An investigative process is initiated either by the institutions' own initiative or after a denouncer has made authorities aware of the case in a police station or in a Quick Reaction Unit of the Attorney General's Office.

==History==
Former attorney general Luis Camilo Osorio, whose four-year term ran from 2001 to 2005, was criticized by Human Rights Watch. They accused him of undermining investigations into human rights violations by retiring or forcing the resignation of several investigators.

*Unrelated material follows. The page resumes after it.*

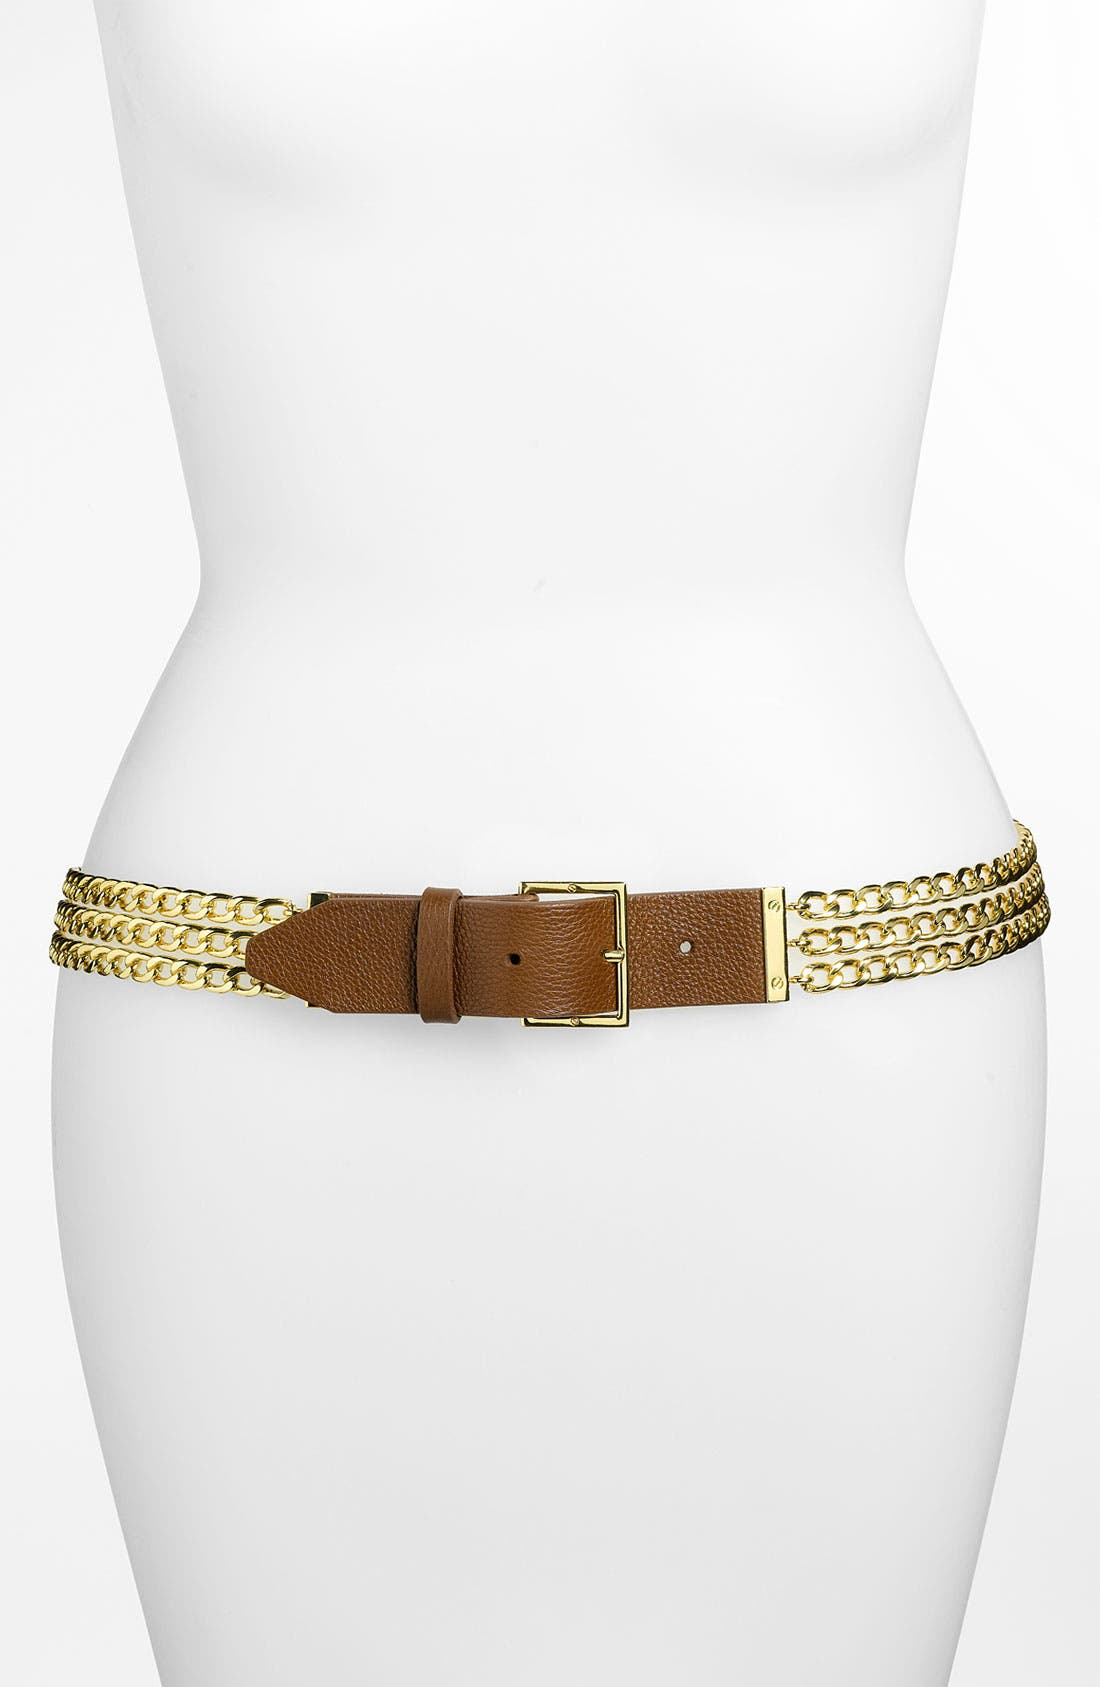 Main Image - Tory Burch Chain Belt
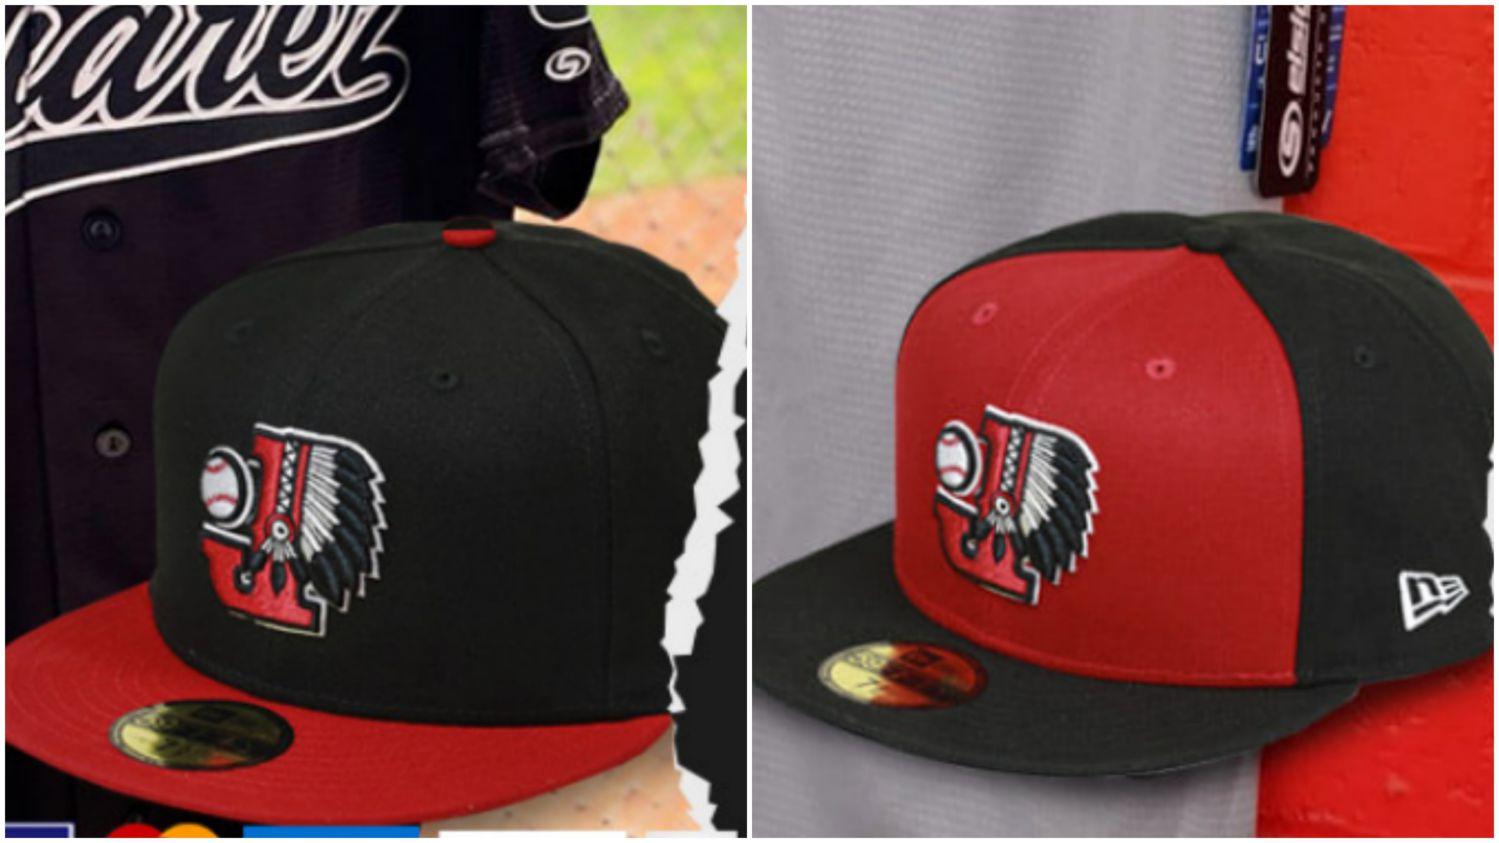 gorras-cachuchas-indios-juarez-2021-beisbol-chihuahua

In November 2023, the Organized Crime and Corruption Reporting Project joined with more than 40 media partners including Cerosetenta / 070, Vorágine, the Centro Latinoamericano de Investigación Periodística (CLIP) and Distributed Denial of Secrets and journalists in 23 countries and territories for the largest investigative project on organized crime to originate in Latin America, producing the 'NarcoFiles' report. The investigation was based on more than seven million emails from the Colombian prosecutor's office which had been hacked by Guacamaya, including correspondence with embassies and authorities around the world. The files dated from 2001-2022 and included audio clips, PDFs, spreadsheets, and calendars. The investigation revealed new details about the global drug trade and over 44 tons of "controlled deliveries" carried out to infiltrate the drug trade and how criminals corrupt politicians, bankers, accountants, lawyers, law enforcement agents, hackers, logistics experts, and journalists in order to use logistical, financial, and digital infrastructures.